12 Antworten zu “Präsident und Nichtwissen. Teil 2: Notorietät oder die zwei Körper der Ministerin

  1. Offenbar war Frau Schavan seit vielen Jahren nur noch von Höflingen umgeben. Da ist es noch einigermaßen nachvollziehbar, dass sie da einem Selbstbetrug aufgesessen ist, denn Eitelkeit und Geltungsstreben waren ihr nicht fremd. Nicht zu verstehen sind IMHO diese Wissenschaftler, die ihr derartig geschmeichelt haben. Die müssen doch genau gewusst haben was Sache ist, und haben mitgespielt: „Der Ministerin neue Kleider“.

  2. Anna Cerafin Ruiz

    Die FU will diese Blamage offenbar totschweigen oder abwarten ob Schavan ihren Prozess vielleicht doch gewinnt. Nur eine Sache: Am 5.9.11 kam Schavan wirklich gerade aus der Uni. Sie hat erst an der Uni Luxemburg einen Vortrag zum Thema gehalten und dann bei der KAS geredet.

  3. Danke für diesen Blog-Beitrag. Sehr lesenswert!

  4. Schanette Wahn

    Sehr geehrte Frau G.,

    ein vorzüglicher Artikel! Ich bitte jedoch um stillschweigende Korrektur eines kleinen Fehlers
    […]

    (Kommentar nicht zur Veröffentlichung bestimmt)

    Mit besten Grüßen
    Ihre Schanette Wahn

    • Sehr geehrte Frau Wahn,

      doch! Ihren Kommentar veröffentlichen wir. Denn wenn wir uns schon die Mühe machen und in diesen vorzüglichen *hust* Artikel extra noch einen kleinen Aufmerksamkeitsmelder einbauen, und wenn Sie den eingebauten Fehler dann aufmerksam bemerken und melden, dann haben Sie die Prüfung bestanden. Es entspricht unserer Transparency Compliance Policy, sowas dann auch zu veröffentlichen. Glückwunsch!
      Für alle anderen:

      brillant (im Deutschen häufige Falschschreibung „Brilliant“; zu frz. brillant, lat. berillus, griech. bêrillos ‚Beryll‘)
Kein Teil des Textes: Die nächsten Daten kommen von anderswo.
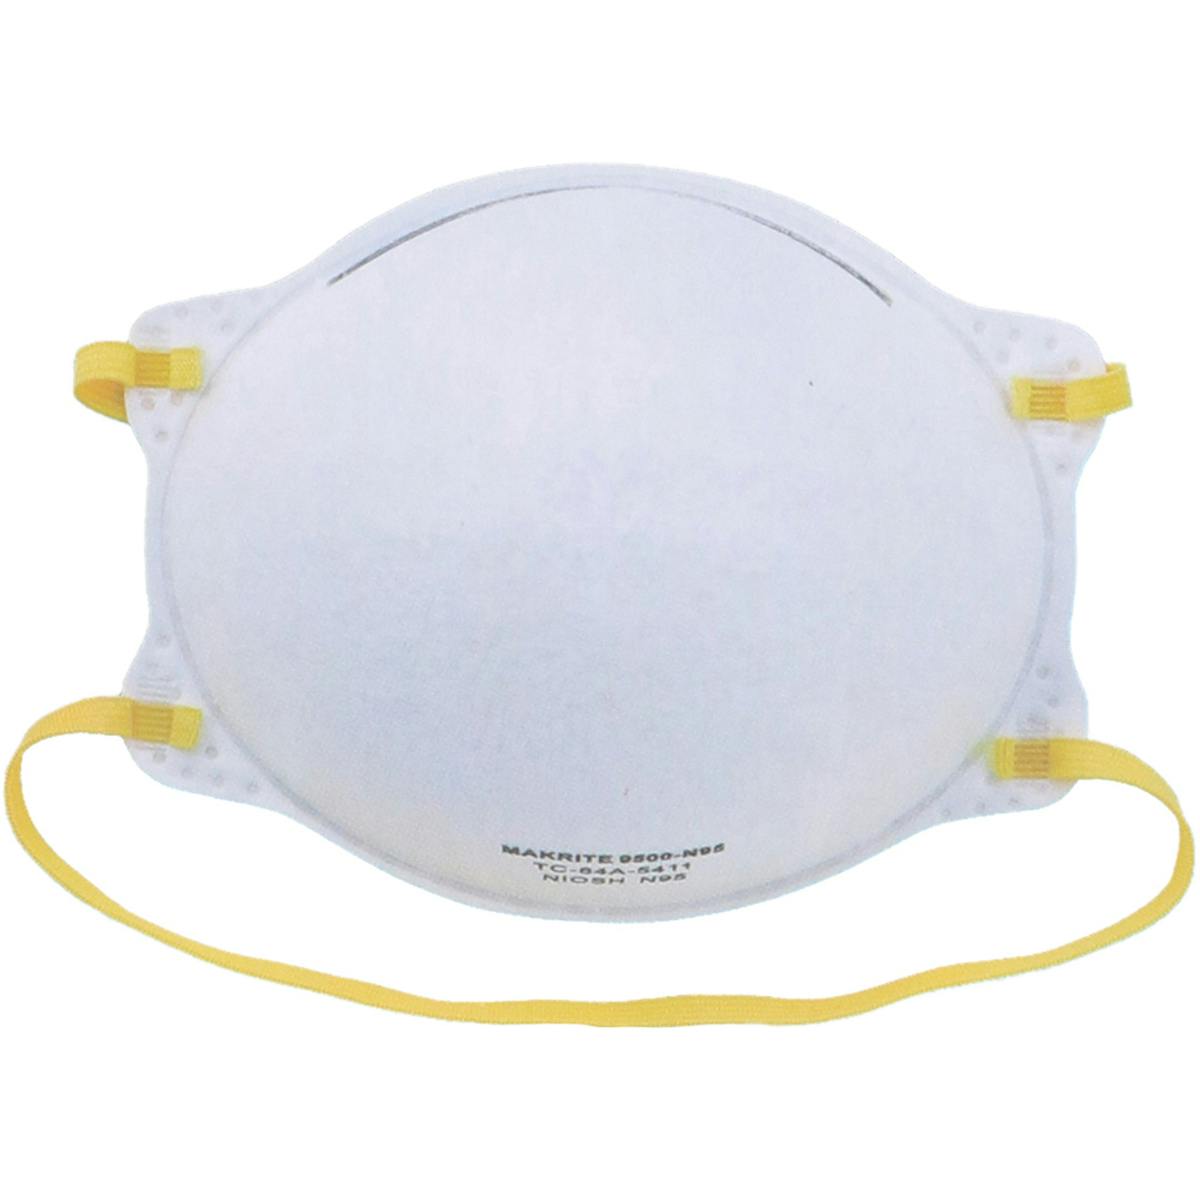 N95 Disposable Respirator - 20 Pack, White (MK9500-N95) - OS

      Falls Sie das genau so jetzt auch in Wikipedia finden: Die plagiieren da hemmungslos.

  5. Pingback: Nichts Neues von Schavan? Studien zu Voraussetzungen, Notwendigkeit und Erfordernissen heutiger Honorarprofessuren | Erbloggtes

  6. Ich muss mich wundern: Hier hat Causa Schavan nicht gründlich recherchiert. Es wurden zahlreiche wichtige Veröffentlichungen übersehen! Ich nenne nur folgende:

    1983 hat Annette Schavan das Buch „Neuss: Bilder und Gedanken zur Heimat“ herausgegeben. Eindeutig ein Standardwerk der Regionaltheologie. Eine konsequente Fortentwicklung aus den Grundlagen für die Leitlinien ihres theologischen Denkens in der Dissertation.

    1986 erschien „Gott ist Licht“. Zu Lithographien des Neusser Künstlers Boris Fröhlich schrieb Schavan die passenden Texte.
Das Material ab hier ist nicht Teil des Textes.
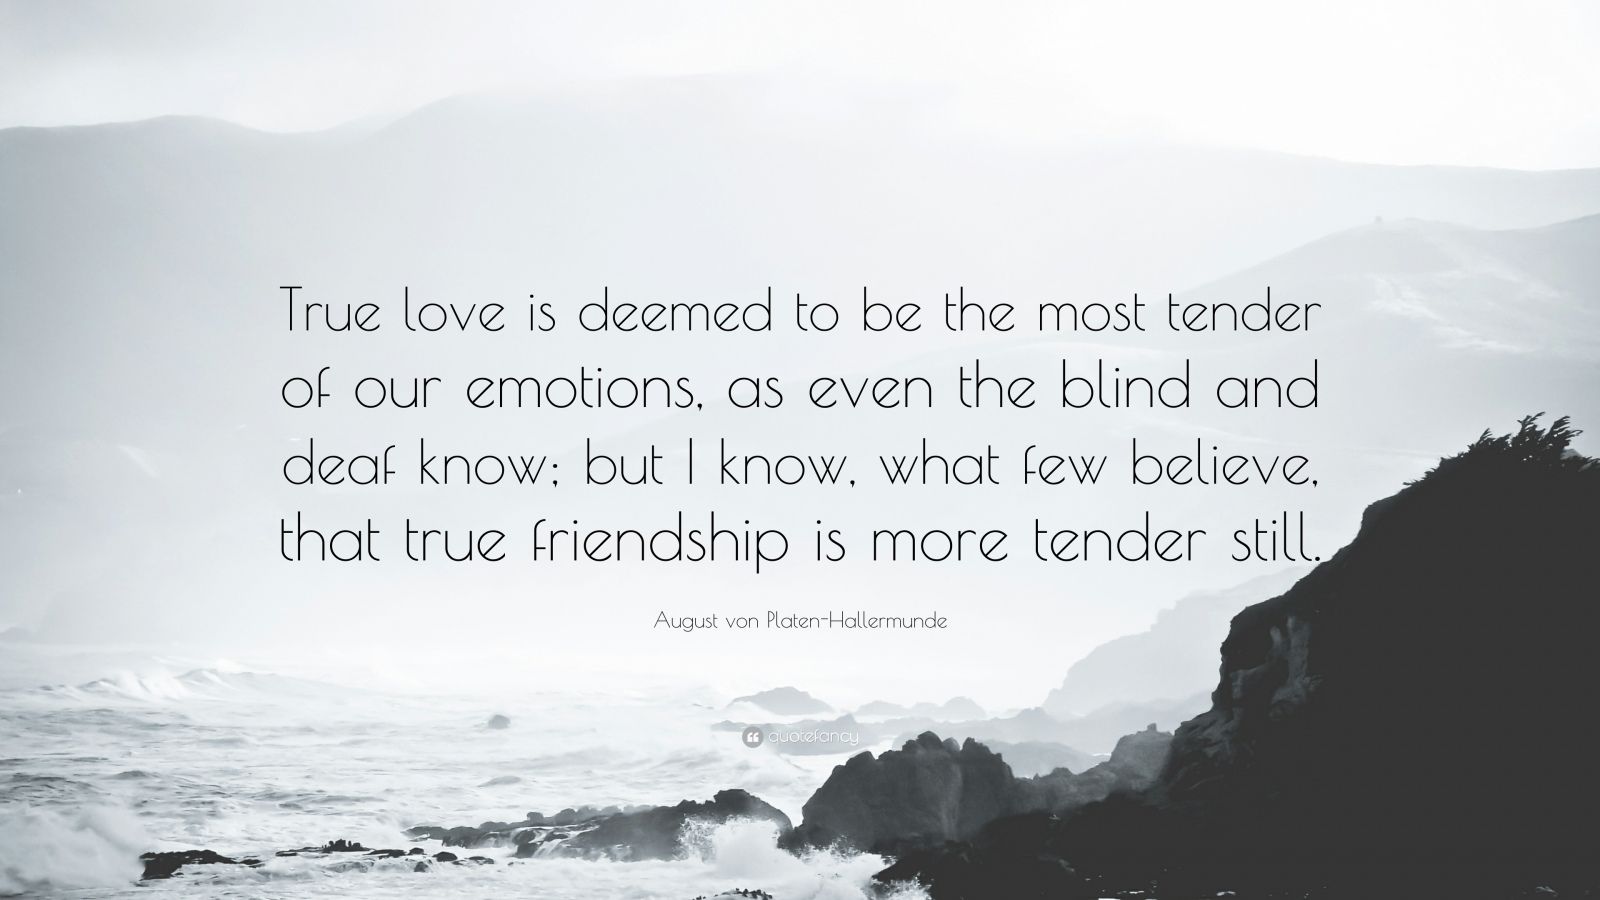 August von Platen Hallermunde Quote “True love is deemed to be the most

    2000 hat sie mit Hans Joachim Meyer im Don Bosco-Verlag den Band herausgegeben: „Gott und den Menschen verpflichtet: Ansichten zum Katholizismus in Deutschland“. Weitere Bewährung der erwähnten theologischen Leitlinien. Es handelt sich um Beiträge zu einem Symposium des ZKs der deutschen Katholiken.
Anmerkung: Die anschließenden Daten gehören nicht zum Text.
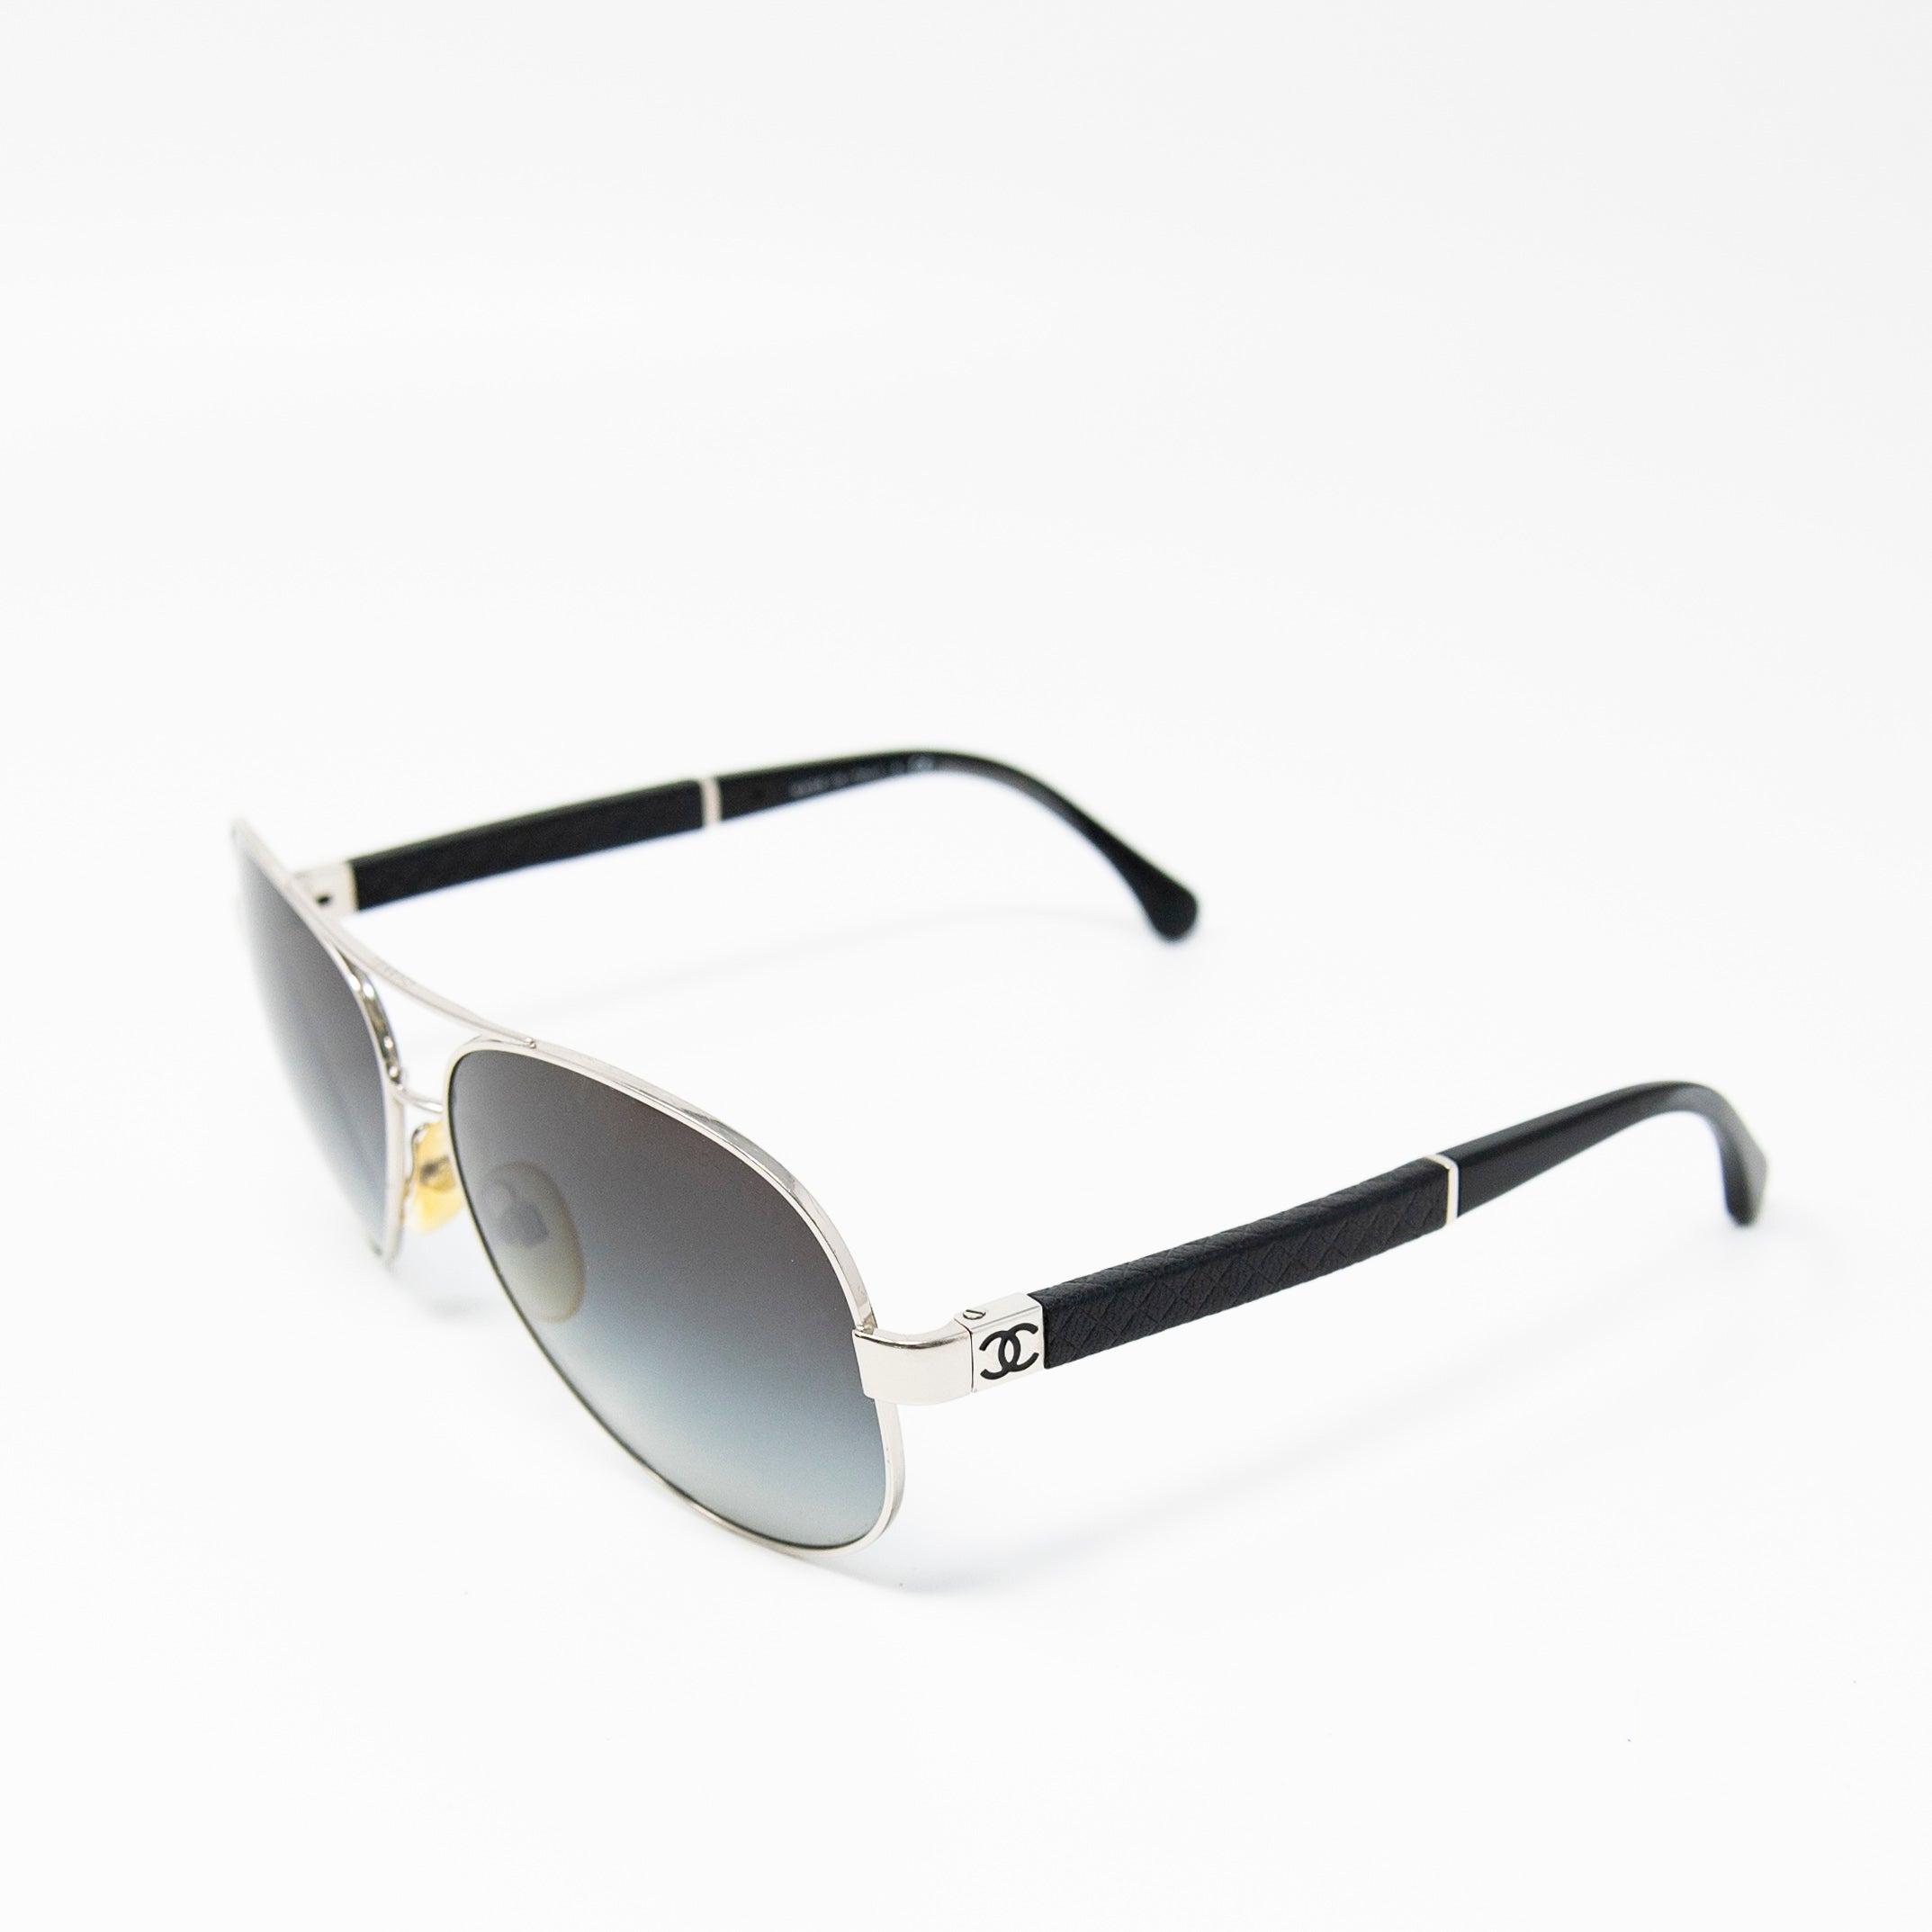 Chanel Black Aviator Sunglasses

    2004 wurde veröffentlicht „Das Kirchenjahr in Wort und Bild“. Wieder Illustrationen von Boris Fröhlich, Texte von Annette Schavan und Wilhelm Gössmann.

    2006 ist die CD „Gesänge der Synagoge: Preist ihn seiner Welt zuliebe“ veröffentlicht worden. Gesungen werden die Gesänge aber nicht, sondern es spielt jemand sehr schön Cello, und Annette Schavan liest aus den Psalmen vor. An keiner Stelle behauptet sie, dass sie diese Psalmen geschrieben hätte. Spätestens dadurch hat sie sich die Honorarprofessur für Katholische Theologie redlich verdient.

    • Danke für die fundierte Kritik und substantielle Ergänzung.

      Ko-Autor Wilhelm Gössmann ist interessant. In Schavans Studienzeit war er Prof für Literaturwissenschaft an der PH Neuss, seit 1980 Uni Düsseldorf, und langjähriger Vorsitzender der Heinrich-Heine-Gesellschaft. Er war auch dichterisch ambitioniert, verfasste Texte zu religiösen Themen und solche darüber, wie man meditationstaugliche Blumengestecke anfertigt. Seine Frau ist die feministisch orientierte katholische Theologin Elisabeth Gössmann. Auf der entsprechenden Professur an der PH Neuss saß aber schon Uta Ranke-Heinemann …

      In der Causa Schavan hat Wilhelm Gössmann die Vorwürfe frühzeitig für absurd erklärt. Später hat er sich offenbar direkt an den Promotionsausschuss gewandt, ohne jedoch eine Antwort zu erhalten. Besonders aufschlussreich ist die kritisch gemeinte Feststellung der Rheinischen Post, dass weder der Doktorvater noch Gössmann im Verfahren angehört worden seien.